WORK ORDER | Give the listing again word for word. Skip the pictures.

SUPPLIED INFORMATION |
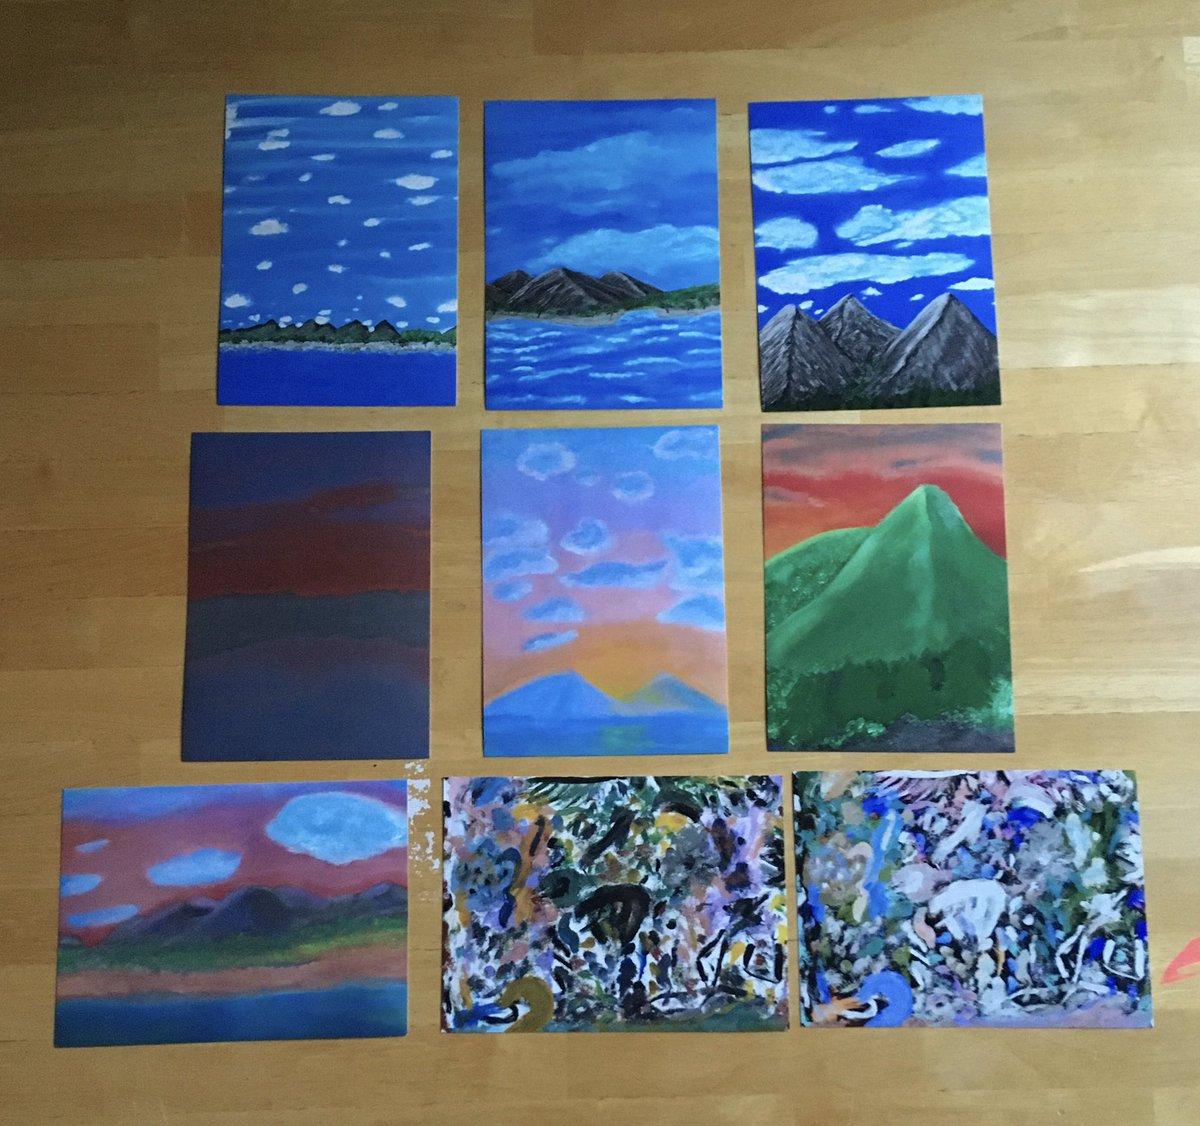 @veecstudio Hi! My 4x6 prints and stickers are under $10 😊
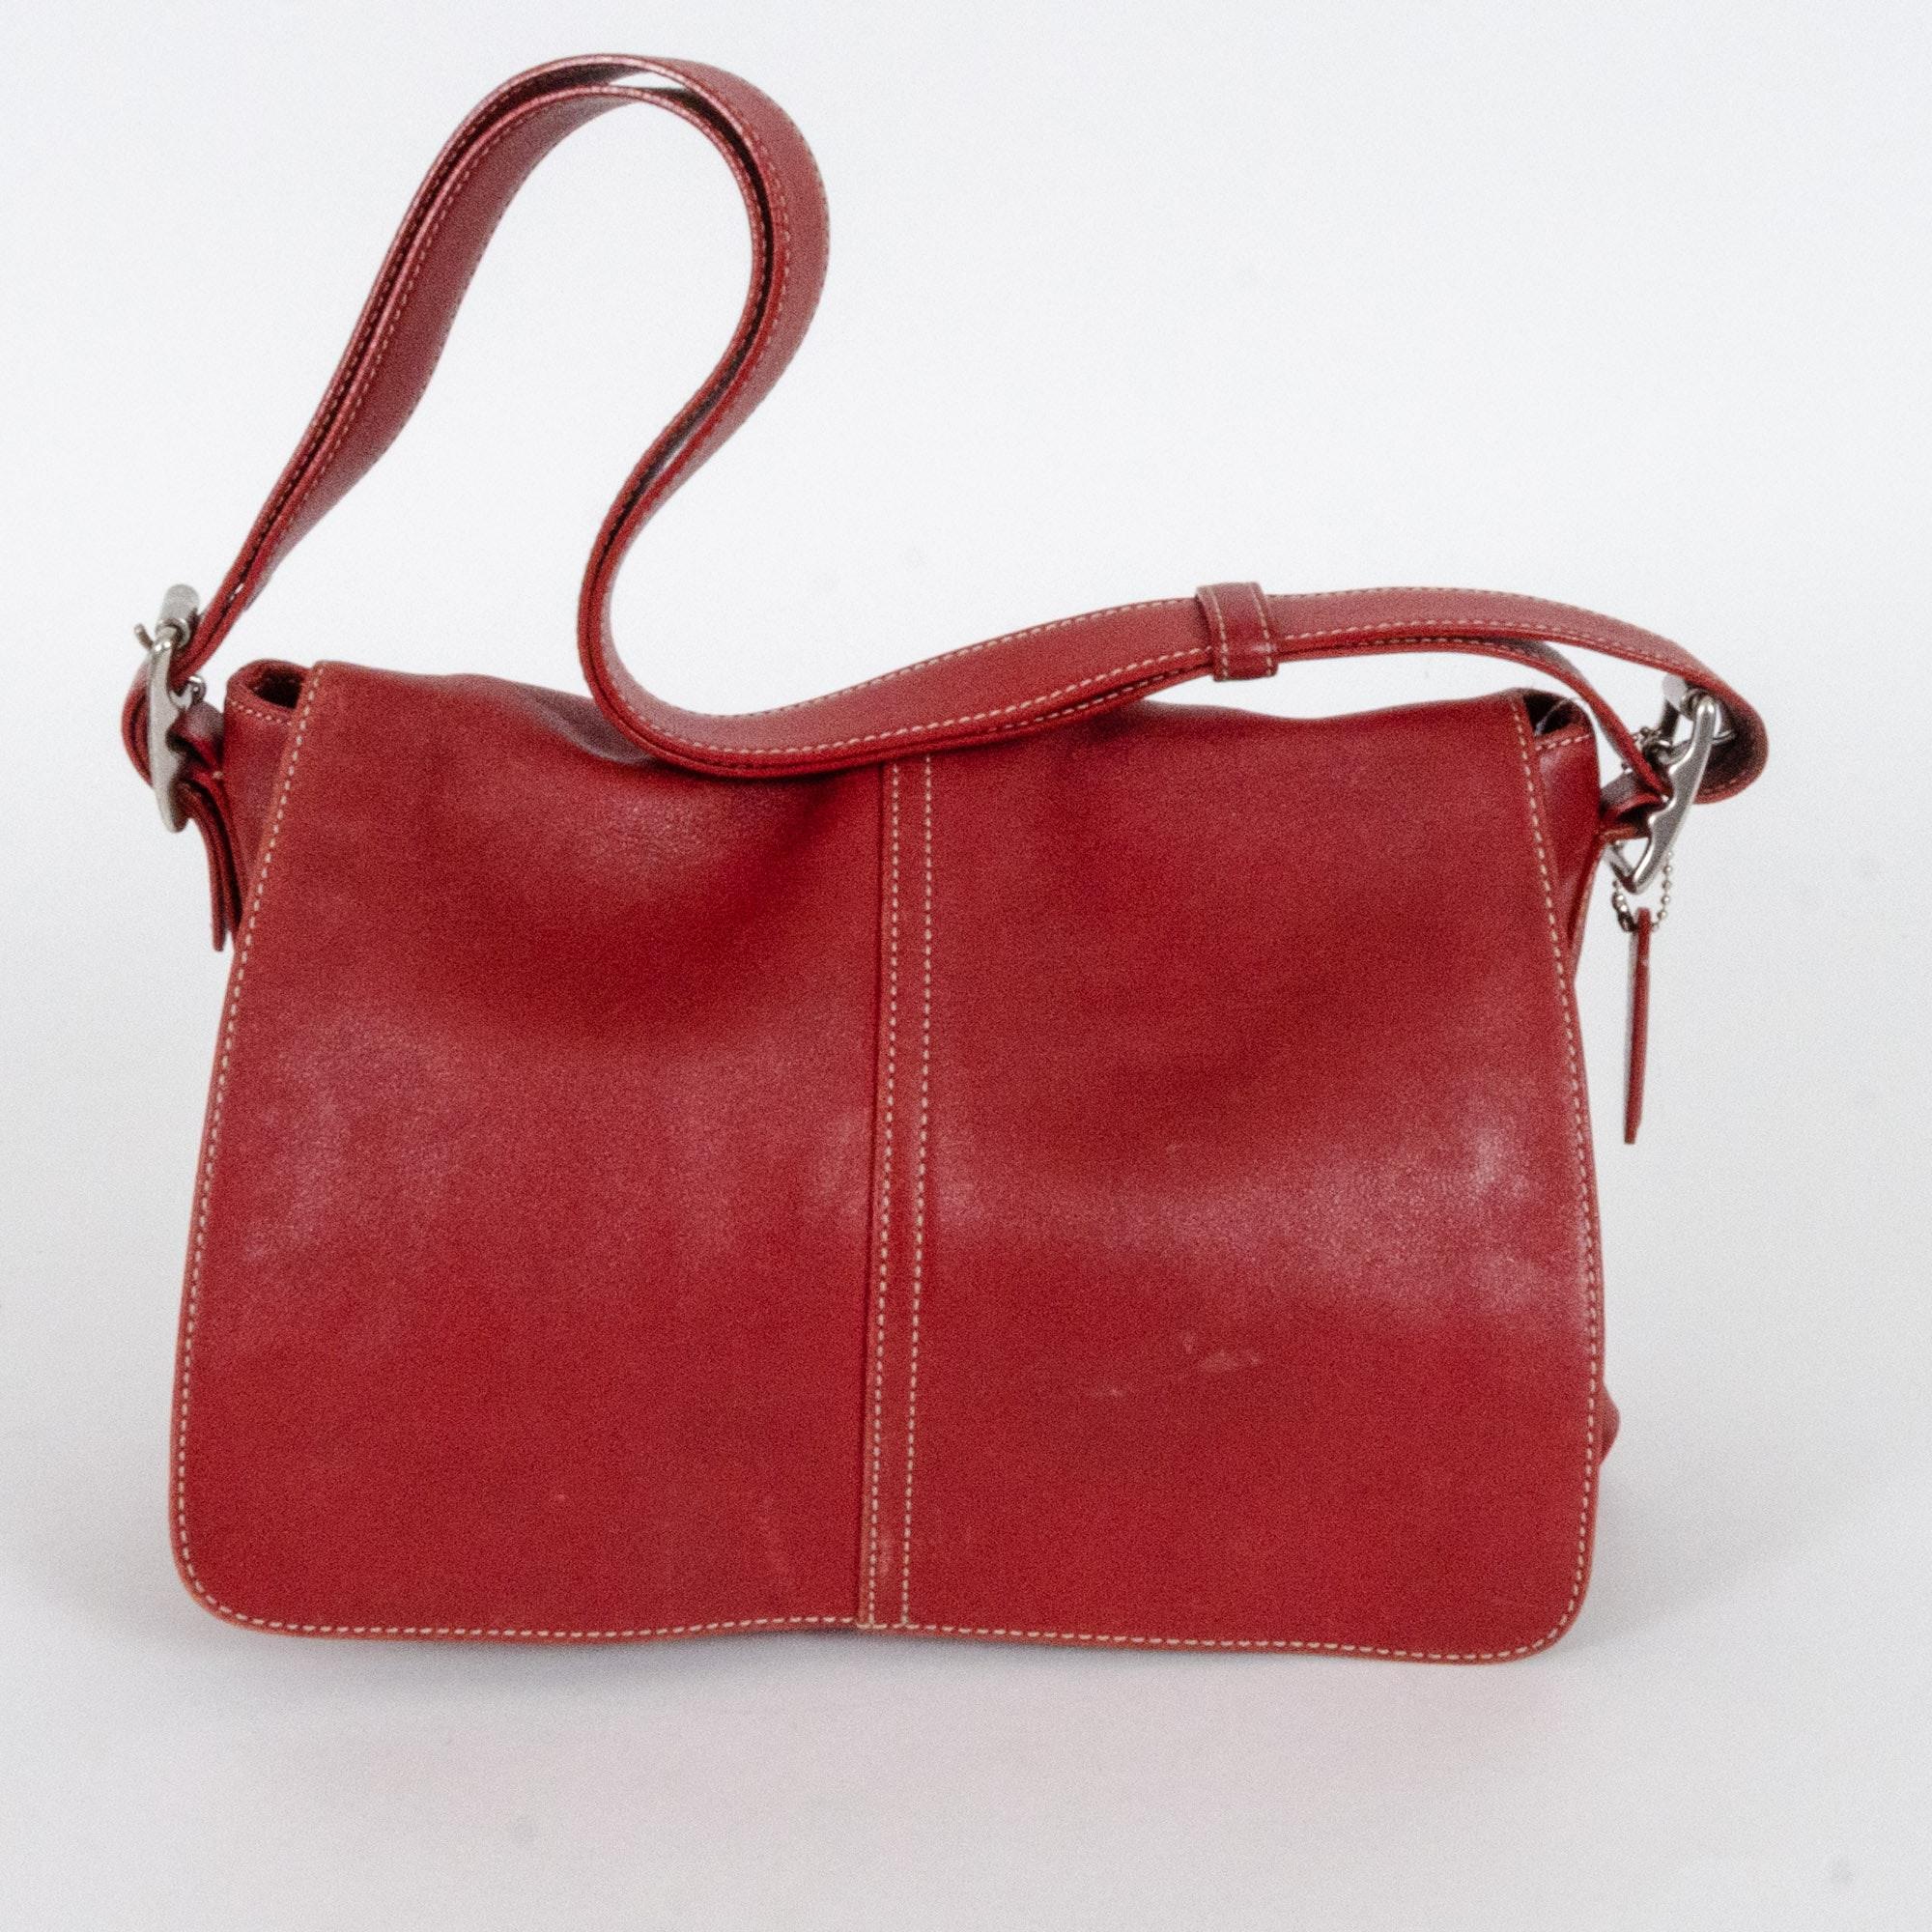 Vintage Coach Hamptons Flap Red Leather Handbag
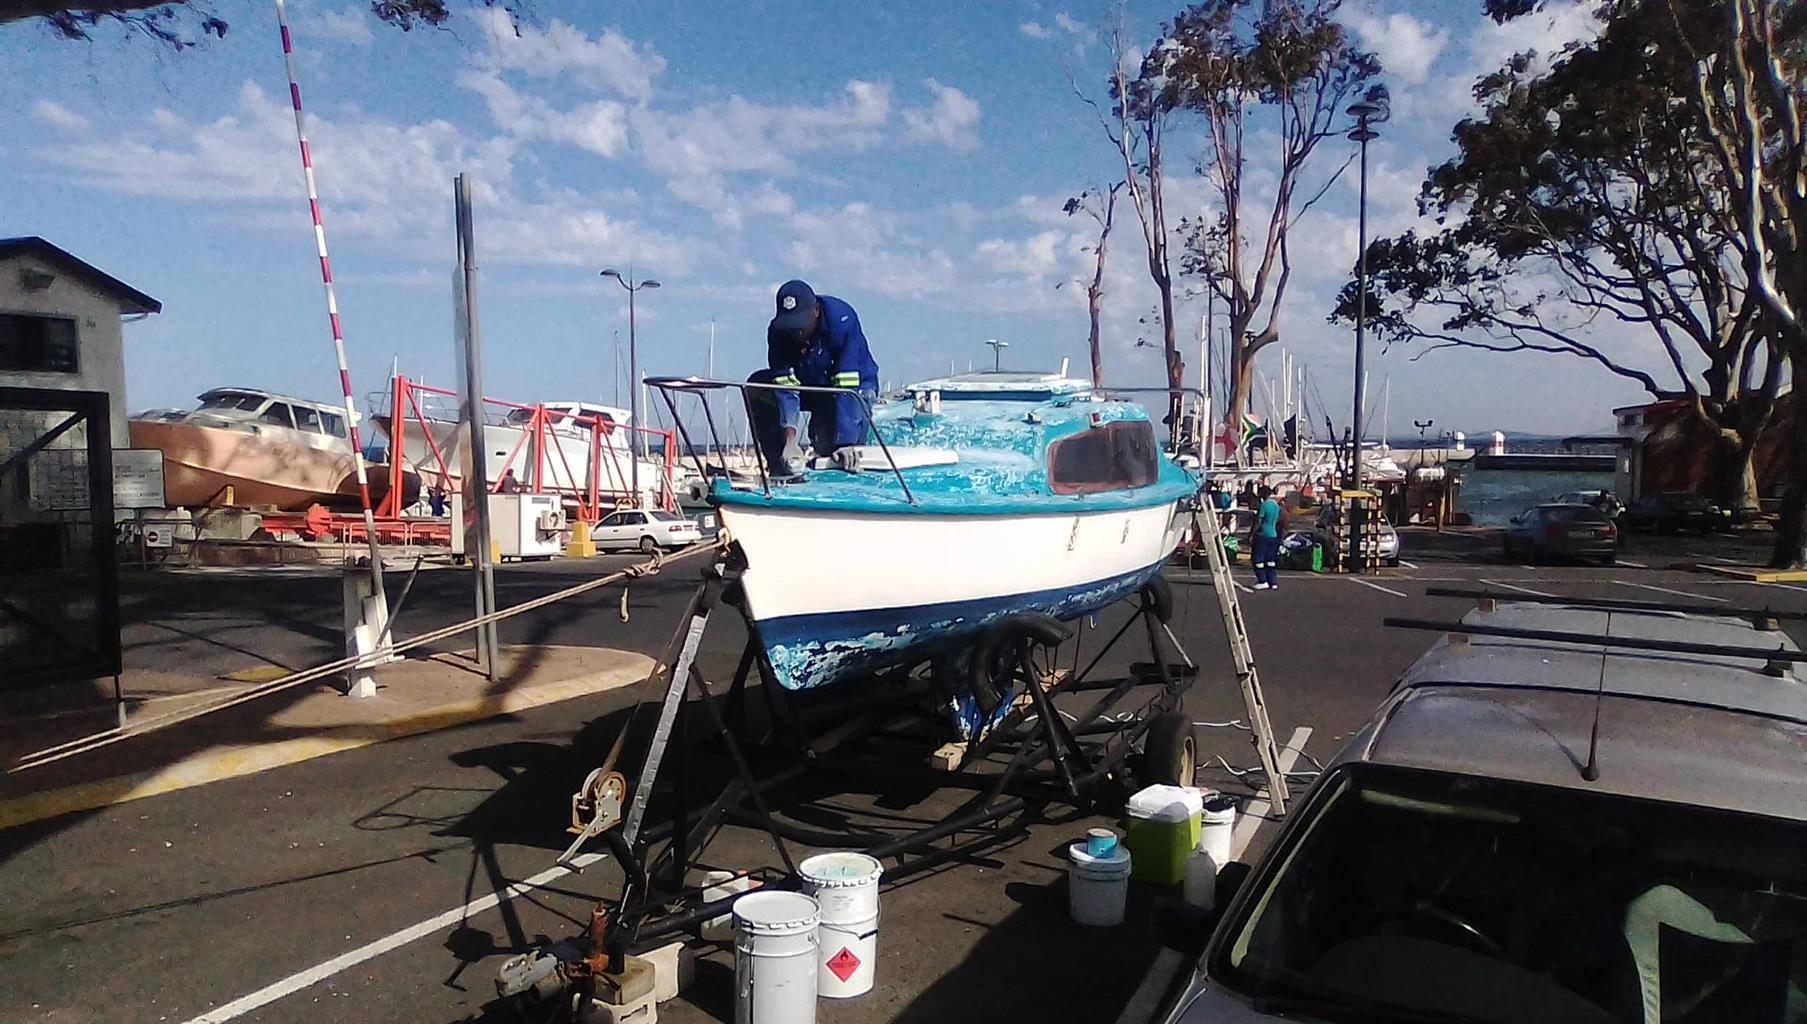 19 Ft C Sharp Fixed Keel Sailboat . Mast . Motor and Sails on Trailer
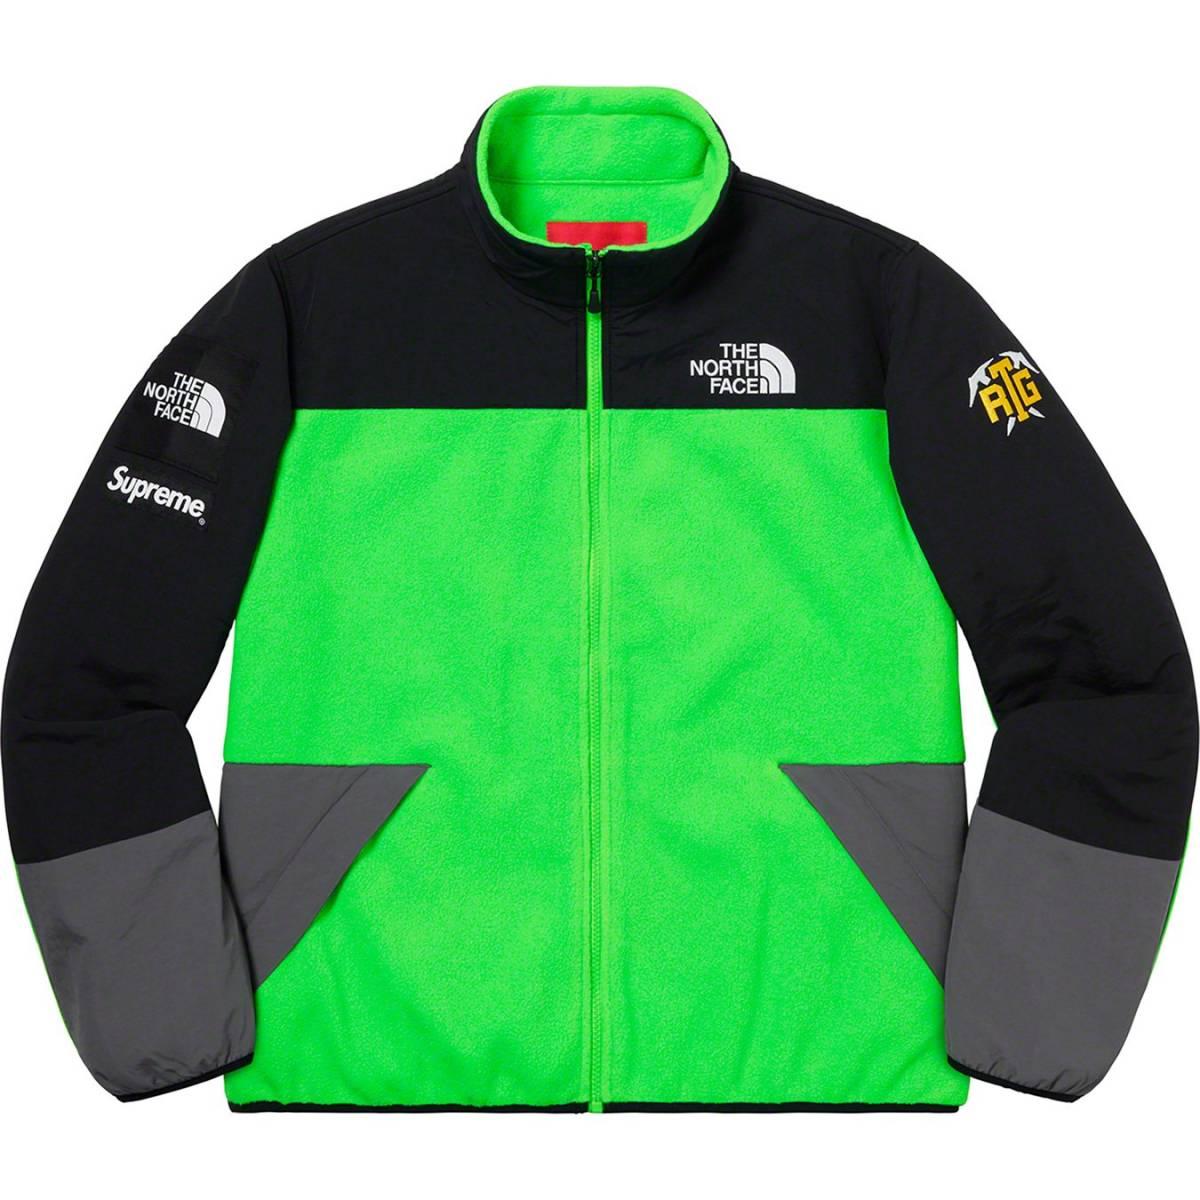 Supreme The North Face RTG Fleece Jacket 緑 BrightGreen Sサイズ 国内正規購入 タグ有 シュプリーム ノースフェイス フリースジャケット_画像5

SOLUTION BELOW |
 @veecstudio Hi! My 4x6 prints and stickers are under $10 😊
 Vintage Coach Hamptons Flap Red Leather Handbag
 19 Ft C Sharp Fixed Keel Sailboat . Mast . Motor and Sails on Trailer
 Supreme The North Face RTG Fleece Jacket 緑 BrightGreen Sサイズ 国内正規購入 タグ有 シュプリーム ノースフェイス フリースジャケット_画像5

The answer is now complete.